Healing the sick

Last night I went to a friend of mine’s 40th (there now you know my soon to be age!) at which was another friend who is a vicar. I have known him for years, since before he became a Christian, and I think that can make you take things for granted about a person, or rather to lower your expectations about a person.

He is a very genuine and straightforward person, in fact sometimes he is tactless. He just doesn’t really know how to lie and he isn’t political. Last night he told a friend of mine about the number of people God has healed through him: full-on riddled with cancer to complete remission cures. He hasn’t just performed one such healing but several.

What do we do with stories like this? We can dismiss it out of hand as a lie or as pretending to be cured in order to please, or as being swept along in the moment. We can treat it as true but not really having any impact on me or we can say, this is true,what does it mean for/to me?

There are many questions raised by such stories, but the one for Christians to focus on is this – do I really believe that God can and wills to perform miracles in my life and the lives of others?

When we pray, do we pray in expectation of sucess? I think I have forgotten to pray in expectation of an answer, but I know that when I did finally pray for someone to truly love and to love me, and really ask God for what I wanted then my husband appeared and that’s not the only instance of answered prayer, it’s just the smallest miracle that has made the biggest difference in my life. My spiritual director used to reassure me that God desires our deepest desires for ourselves – if we are facing towards him as opposed to turned away – and this does often turn to healing.

I think we should ask God for what we want, be open about our desires and needs and expect an answer. And if we don’t get the answer we expected or were thinking we wanted then we need to ask God why. But we definitely need to know where we understand on the matter of healing.


4 responses to “Healing the sick

  1. I take it that the people with cancer were undergoing conventional medical treatment. You don’t seem to have considered the possibility that these people were genuinely cured – by their medical teams. Modern treatments are increasingly successful against a whole range of cancers and a lot of highly skilled people work hard to give their patients the best possible outcomes. Don’t you think they deserve any of the credit?

  2. Yes, I have considered that and if I thought that was the source of these stories I wouldn’t have written the post, I would have written a different one about the very important and valid and miraculous ways that God uses our own understanding as humans and the hard earnt skill of the medical profession to heal in surprising circumstances. However, my understanding is that the cures were rapid, unexpected and very soon after the laying on of hands – the last two of course being the important points. God works through conventional medicine and advances in physical understanding, but my point in relating this story is that God also works unconventionally in ways that are described in the Bible but that are often ignored or dismissed by Christians themselves. My friend isn’t naive and neither am I, which is what makes such instances challenging and that’s why I wrote the post.

  3. You may not be naive but you’re not a doctor and neither is your friend. Here’s an account of faith healing by a someone who is actually medically qualified. According to the article the Catholic church has recognized four cures at Lourdes since 1978. So, even by the church’s own firgures, out of the 5,000,000 people who have been there looking for a cure that’s a success rate of less than one in a million.

    The reason I’m criticizing you for this post, rather than all the other things you write that I disagree with, is well captured in the final paragraph of the above article:

    “Faith healing can comfort, but it can also cause suffering if patients believe a failure to heal was their fault due to insufficient faith. It can be deadly when patients are led to believe they don’t need conventional medical treatment.”
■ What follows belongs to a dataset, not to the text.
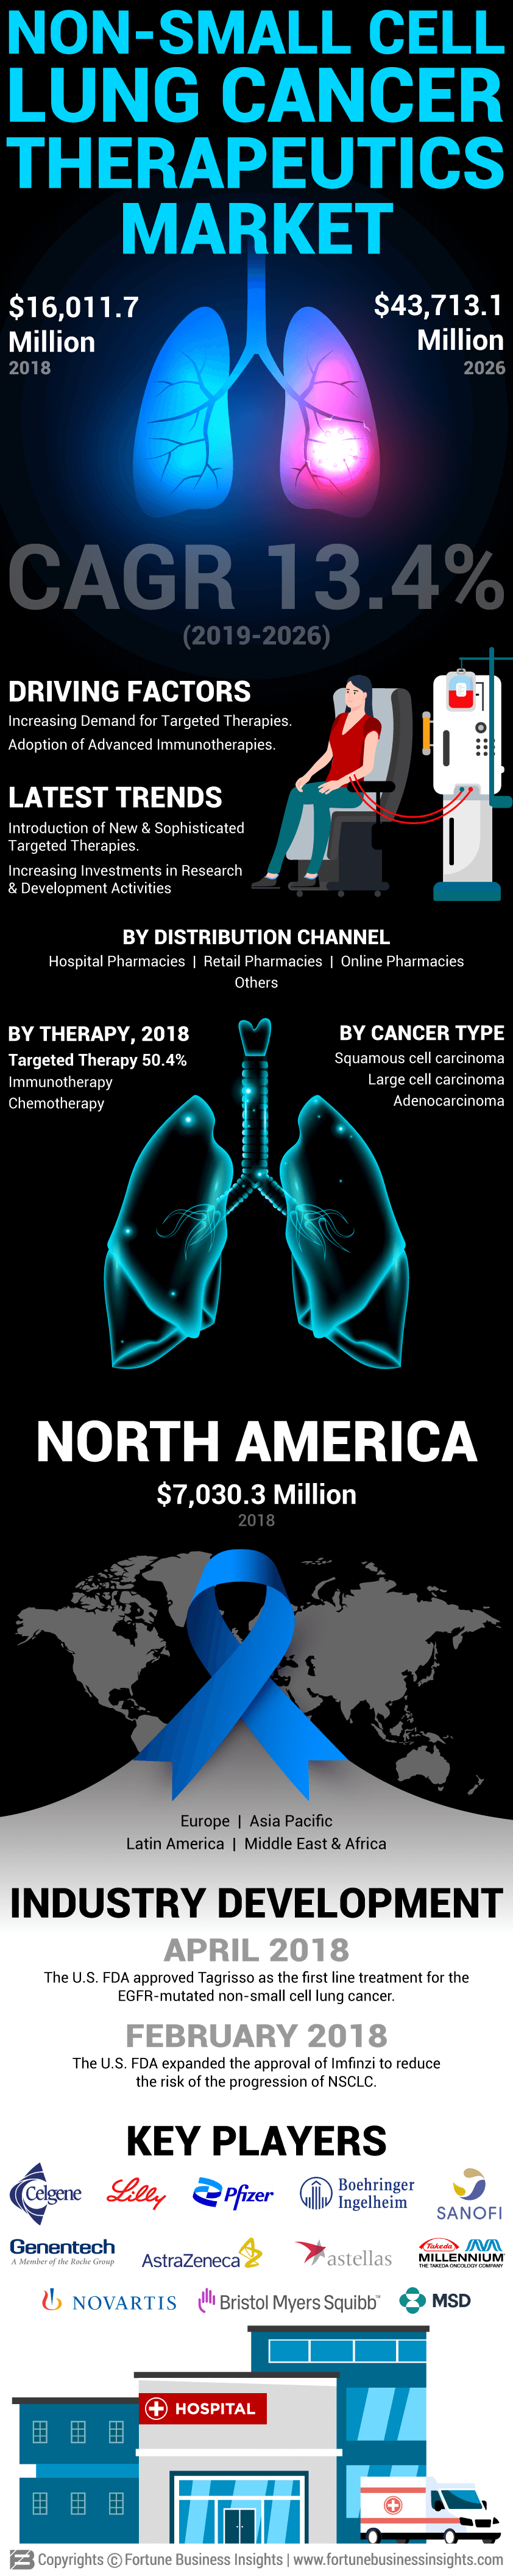 Non-Small Cell Lung Cancer Therapeutics Market
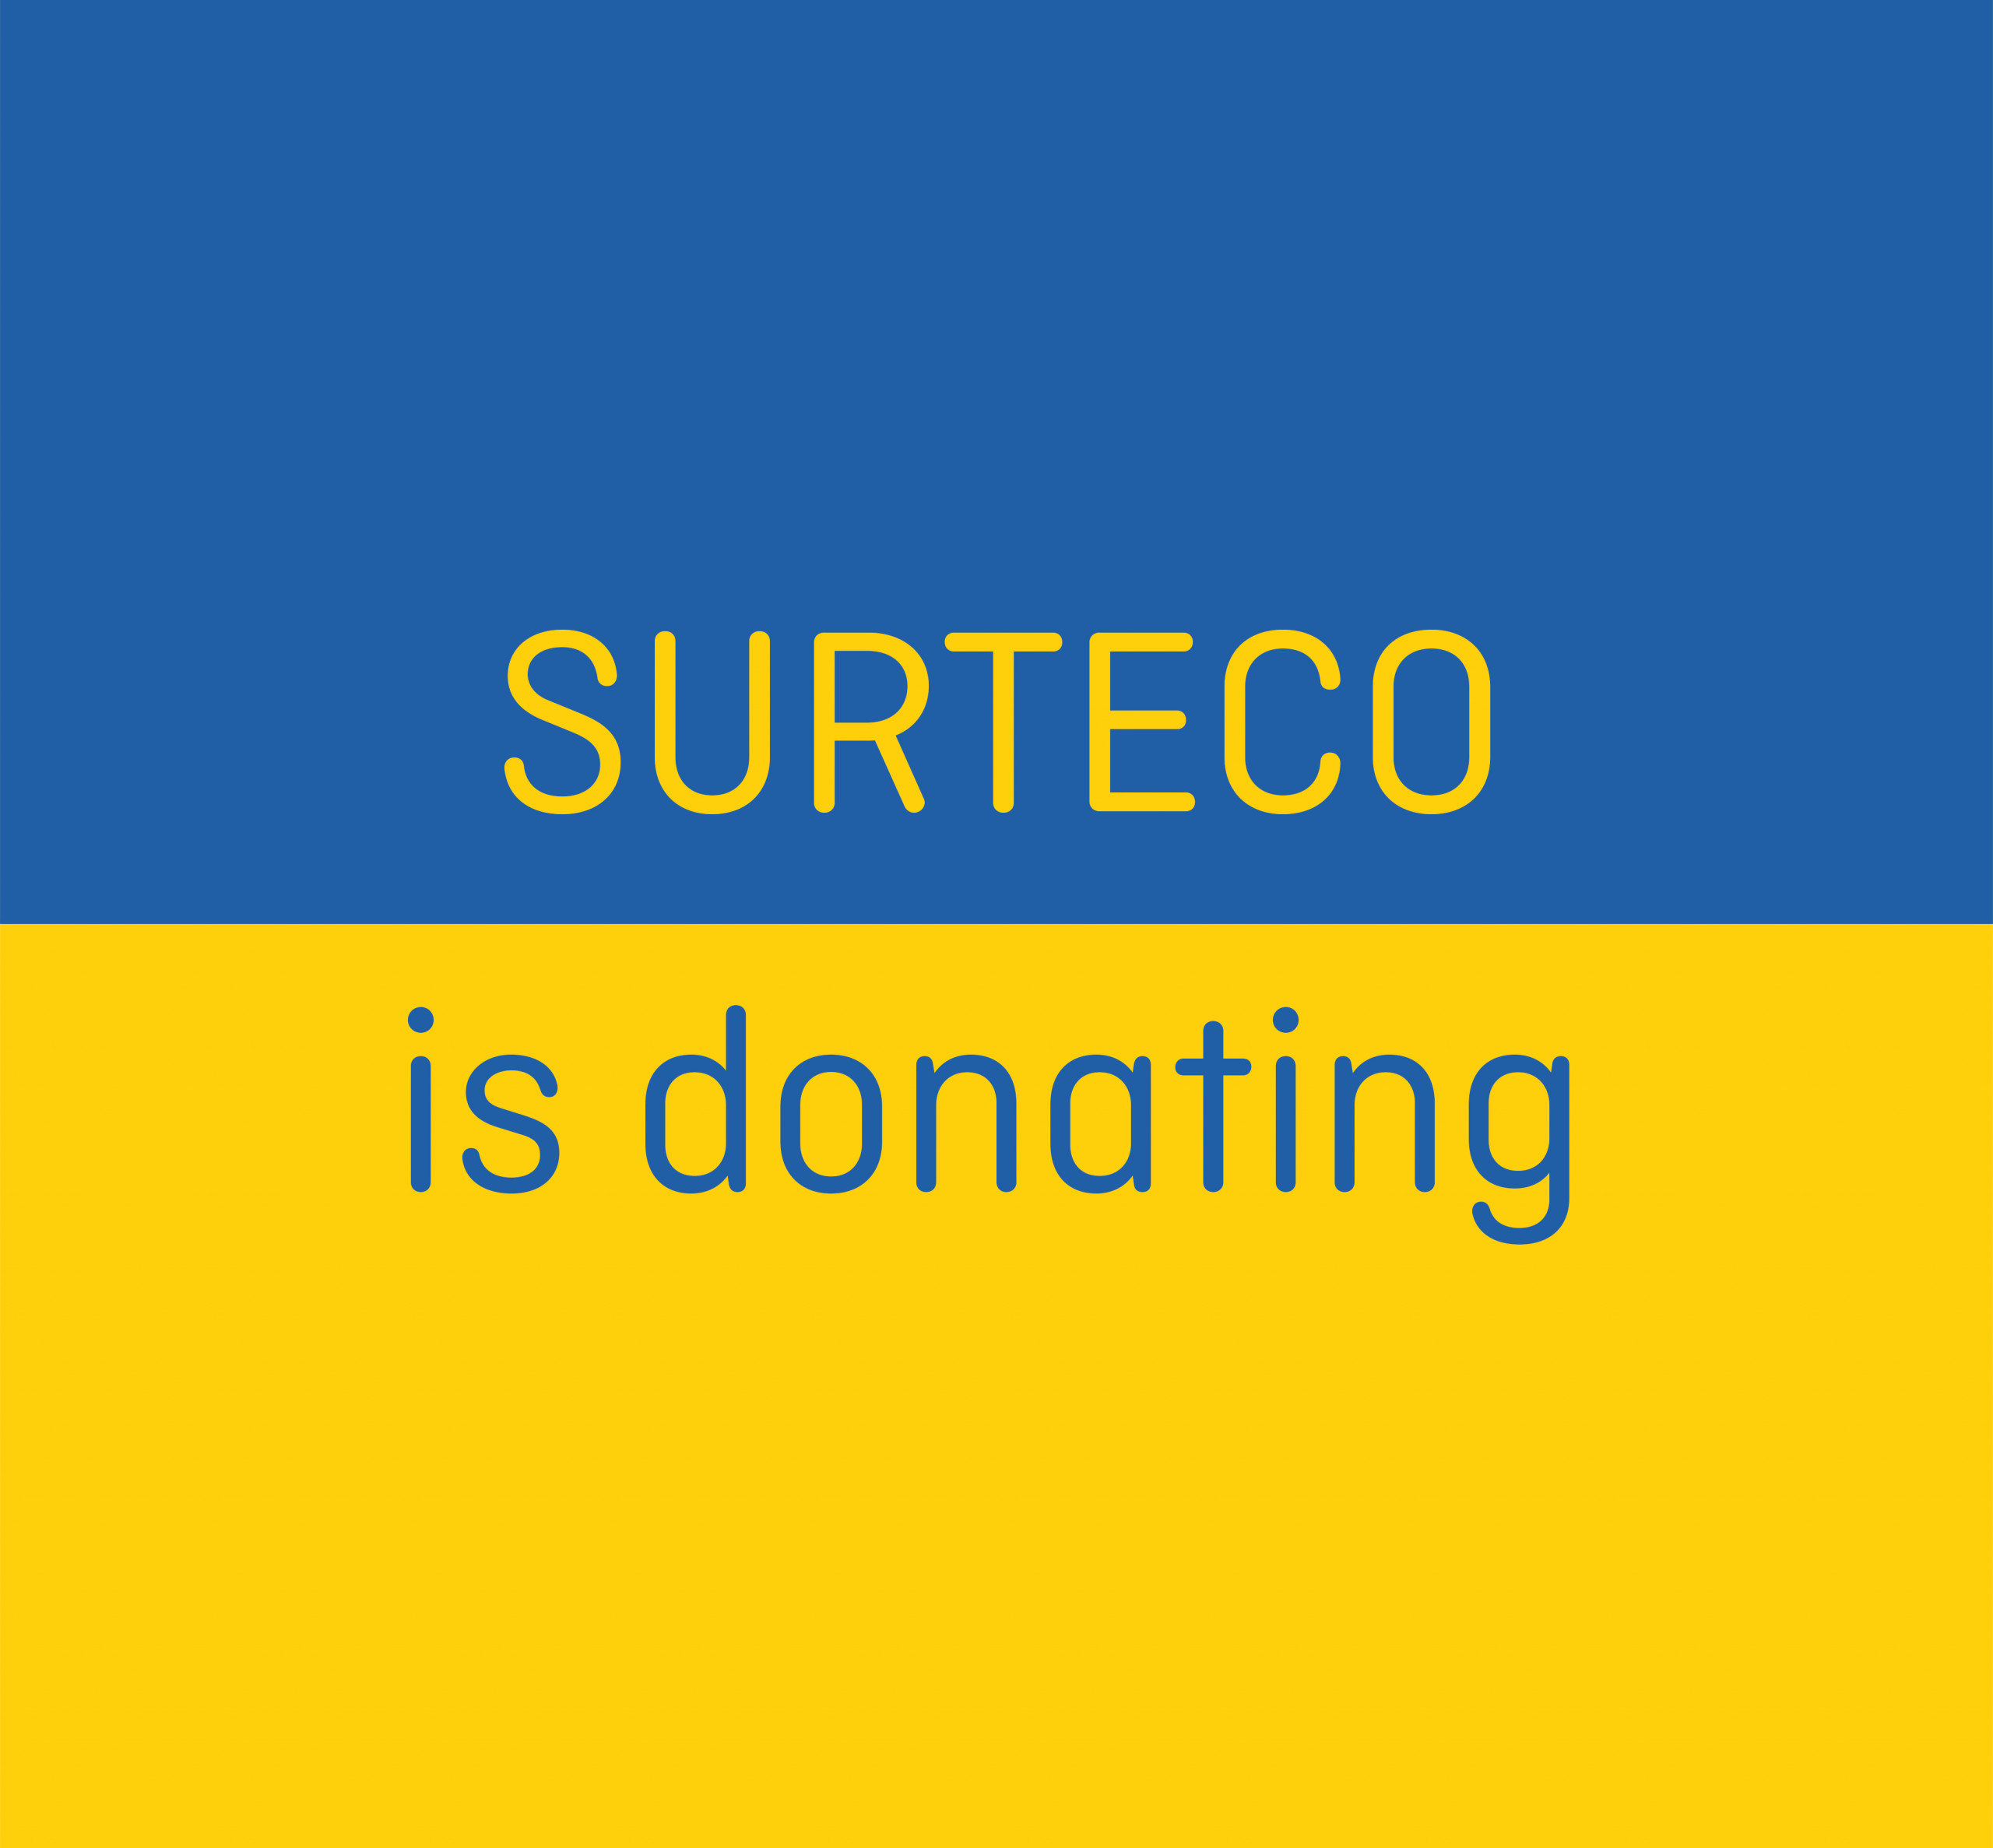 SURTECO is donating to the Ukrainian citizens

    A lot of people go looking for medical advice on the internet. Much of what they find is misleading or worse. That’s why I wish you hadn’t written the post.

  4. I haven’t made recommendations to anyone, instead I have stated that Christians need to decide what they believe about this. You clearly don’t believe that this is a real phenomenon (and you ignore the statement about it being comforting which is a different kind of healing and one equally valid). And I don’t disagree that there are circumstances in which healing ministry is clearly damaging – both the points mentioned above are examples. My point is that these experiences have been related by someone I trust, who certainly didn’t proclaim these people healed independantly – that was done by doctors, as is the only way with something internal such as cancer – and to my knowledge the faith of the patient was not called into question. In this, as in many other things I write on this blog, we will have to agree to leave this discussion. I feel you have made your position very clear, but perhaps there are other points you want to make.